Roriz Não, mas o, o… Mas pode ser separado.
Tarcísio Não, mas o melhor era tirar de uma vez só, porque não tem jeito de o cheque ficar no caixa.
Roriz Ah, sei. Não tem, não?
Tarcísio Não. Não tem como tirar o dinheiro e pôr o cheque na compensação, e pronto.
Roriz Não pode tirar? Tiraram tudo?
Tarcísio Tudo. (…)
Roriz Então tá… Mas aí não dá pra entregar assim porque… Mas… Se você… Na hora que tiver com você, você avisa para mim.
Tarcísio Não, não vai estar na minha mão, não. O dinheiro vai da tesouraria, vai direto. Vai num carro.
Roriz Ah, não. Aí não quero, não. (…) Desse jeito, não.
Tarcísio E como eu vou transportar esse dinheirão todo?
Roriz Mas não quero, não. (…)
Tarcísio Então eu vou ter que… Porque não tem jeito, não tem como… Onde é que vai pôr esse dinheiro?
Roriz Não tem um cofre, tesouraria?
Tarcísio Saiu da tesouraria tem que entregar para alguém.
Roriz Não tem um cofre, não?
Tarcísio Mas pra isso tudo não tem, não. (Risos)
Roriz Então vamos esperar, ver o que faz. (…) Eu não sei, eu não sei como é que faz… Assim eu não gostaria, não.
Tarcísio Não?
Roriz O dinheiro é de muita gente.
Como o dinheiro "é de muita gente"? Parte do dinheiro (R$ 300 mil) era de Roriz emprestada por Nenê, e o resto do próprio Nenê, segundo Roriz disse na nota.

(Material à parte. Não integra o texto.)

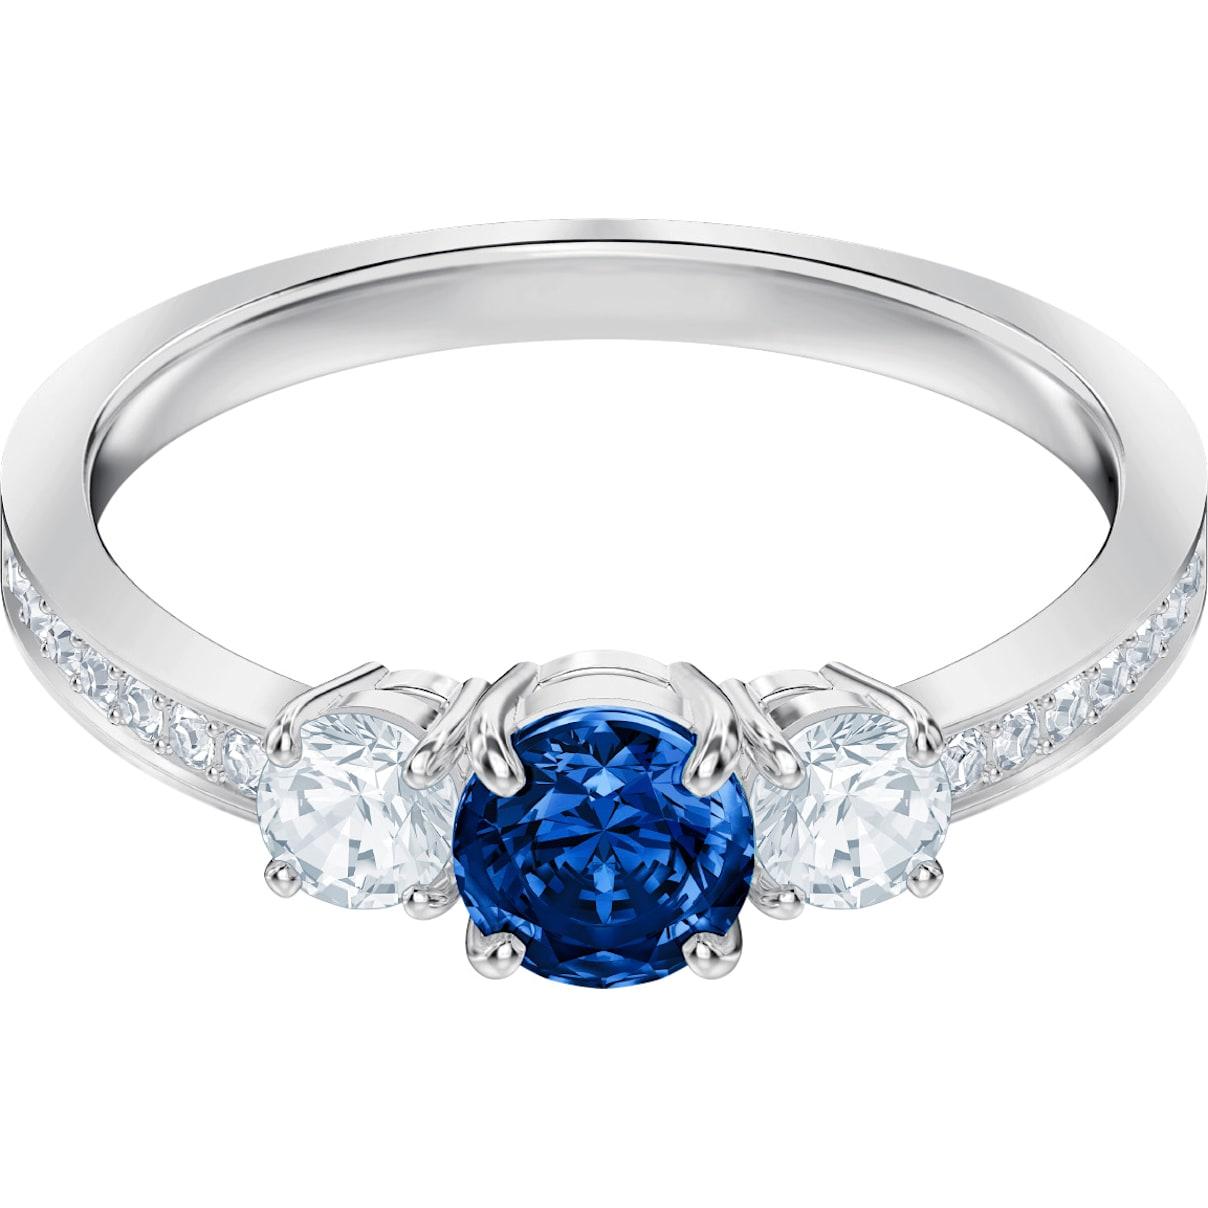 Swarovski Attract Trilogy Round Ring, Blue, Rhodium plated

Tarcísio Ahã. Pois é. O problema é que tinha que centralizar num lugar e fazer (refere-se a fazer a partilha). Porque depósito mesmo é só um, de 200 e poucos mil (refere-se ao fato de que apenas uma pessoa receberia o dinheiro na forma de depósito). E como é que entrega os outros? Não tem jeito. Tinha que entregar num lugar, pra naquele lugar dividir. Eu imaginei que podia levar para lá ("lá", no caso, era a MSPW, região onde mora Roriz).
Roriz Não, não convém, não.
No mesmo dia, em outro telefonema que Roriz também se negou a comentar em sua nota, ele e Tarcísio se acertaram:
Tarcísio Posso sugerir um negócio?
Roriz Pode.
Tarcísio Por que a gente não leva lá para o escritório do Nenê (refere-se a Nenê Constantino, dono da Gol)?
Roriz Era pra isso mesmo.
Tarcísio E de lá cada um sai com o seu.
Como "de lá cada um sai com o seu"? Roriz sairia com o dele (R$ 300 mil), a se acreditar no que ele diz. Nenê, dono do cheque do Banco do Brasil descontado no Banco Regional de Brasília, ficaria com o resto.

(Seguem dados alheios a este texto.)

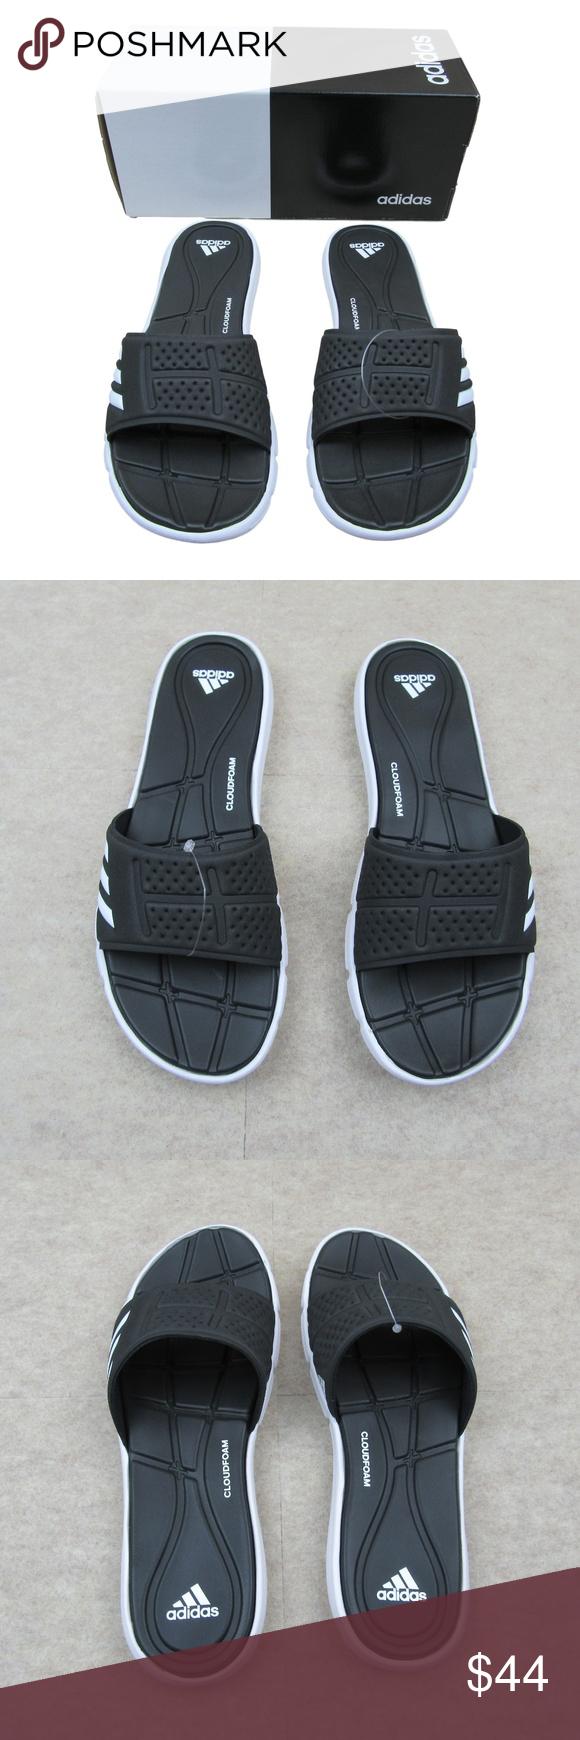 2190e590e733 Adidas Adilette Adipure CF Slippers Sandals Size 8 Adidas Adilette Adipure  CF Slippers Sandals Soft Black Flats BB4558 Size 8 Women s Black   White  Logo ...

Não teria sido mais fácil mandar entregar R$ 300 mil a Roriz e o resto a Nenê? Por que a partilha do dinheiro teria de ser feita no escritório de Nenê?
A resposta é óbvia: porque mais gente participaria da partilha. E porque essa história contada por Roriz não se sustenta. É uma história inventada para enganar os trouxas.
Roriz é um homem riquíssimo.
Não cola a desculpa de que estava duro e de que não poderia pagar menos de R$ 300 mil por uma bezerra.
Não cola a informação de que o dono da bezerra deu um desconto no preço de quase 50%.
Não cola que Nenê pediu para Roriz sacar no Banco Regional de Brasília um cheque que era do Banco do Brasil.
Nada simplesmente cola.
Pode colar para os senadores – muitos deles acostumados com práticas parecidas, quase todos dispostos a ser cúmplices de crimes.)